Gleichzeitig mit der Prospektion aus der Luft wurden im Rahmen des EWBSL-Projektes an verschiedenen Erdwerken Testgrabungen mit dem Ziel vorgenommen, datierbares Material sowie erste Informationen über die Eigenschaften der Umfassungsanlagen zu gewinnen. Für fast alle Anlagen konnten darüber hinaus mithilfe entzerrter Luftbilder Grundrisse rekonstruiert werden, die weitergehende Aussagen zur Bauform ermöglichen. Begleitende naturwissenschaftlichen Untersuchungen wurden von der Deutschen Forschungsgemeinschaft gefördert.

Begriffsklärung >

 

Blick vom Erdwerk bei Groß Vahlberg auf Schöppenstedt und den Elm. Im Hintergrund die Emissionswolke des Kraftwerks Buschhaus bei Schöningen.

Bildrechte: © Dirk Fabian 2011.



Aktuelles


Letzte Site-Aktualisierung: 04.05.2016


05/2016  Download der Abschluss-Publikation

Dank des Entgegenkommens unseres Verlegers Dr.

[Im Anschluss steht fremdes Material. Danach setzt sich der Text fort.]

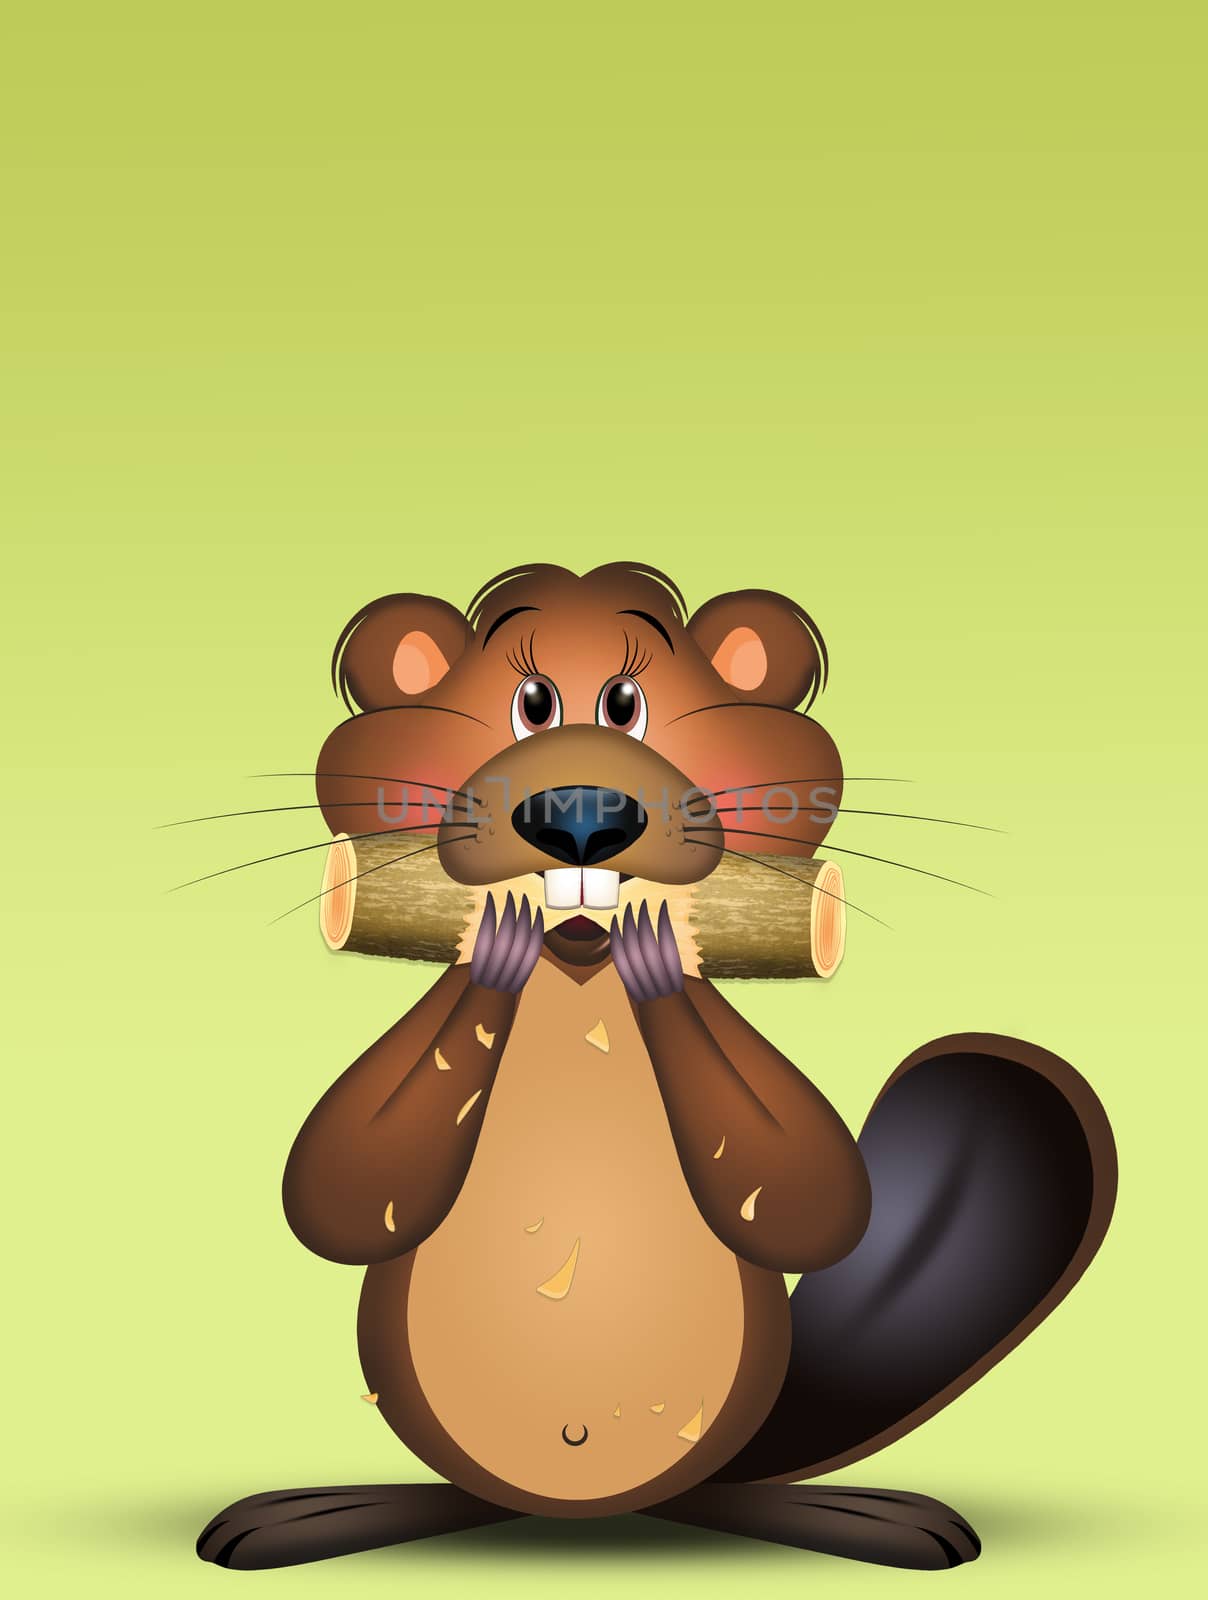 illustration of marmot gnaws the wood

Bert Wiegel (VML Verlag Marie Leidorf >) können wir die als Print vergriffene Abschluss-Publikation des EWBSL-Projektes nun als Download zur Verfügung stellen. Sie finden den Link unten auf der Seite EWBSL-Projekt >.



11/2012  Erdwerk Eitzum: Zu Ende gebaut!

Im Verlauf des EWBSL-Projekts bestand bei zwei Erdwerken der Verdacht auf einen Abbruch der Bauarbeiten vor der Vollendung des jeweiligen Grabenrundes. Im Fall der Anlage von Jerxheim 8 stellte sich aber heraus, dass es sich bei dem vermeintlich unvollendeten Bauwerk um eine geologische Störung handelt der Fall wird hier > vorgestellt.
Beim zweiten Kandidaten, Eitzum (siehe auch Bild unten), schienen alle bisherigen Luftbilder für ein Abbrechen des Grabenverlaufes in beiden Richtungen zu sprechen. Störungen in der Bodenstruktur verhinderten jedoch eine endgültige Klärung (Geschwinde/Raetzel-Fabian 2009, 31ff., Abb.13). Eine neue Aufnahme von Andreas Grüttemann zeigt nun, dass sich die Gräben im Nordwesten der Anlage unmittelbar südlich eines Feldweges fortsetzen. Auch im Südosten scheint eine Fortsetzung von zumindest zwei Gräben in Richtung Waldrand vorhanden zu sein. Offen bleibt, ob der Außengraben im Süden der Anlage zur Ausführung kam. Möglicherweise schwenkt er hier leicht nach Süden aus und entzieht sich im Bereich einer Bodenwanne der Beobachtung.



07/2012  Exkurs: Luftbildauswertung - Erdwerk für 10 Minuten >



07/2012  Neue Entzerrung des Erdwerks von Wittmar >


 
12/2010  Bestattung der Baalberger Kultur bei Werlaburgdorf >.



08/2009  Monumentales Erdwerk bei Sambleben

Neue, durch Andreas Grüttemann erstellte Luftbilder bestätigen die bereits vermutete Zugehörigkeit des Doppelgrabensystems bei Sambleben zur Gruppe der monumentalen Erdwerke. Bisher war der Grabenverlauf nur im Osten des Erdwerks auf einer kurzen Teilstrecke dokumentiert; auf den neuen Bilder zeigt sich nun in 470 m Entfernung ebenfalls auf einem kurzen Abschnitt der westliche Teil der Umfassung.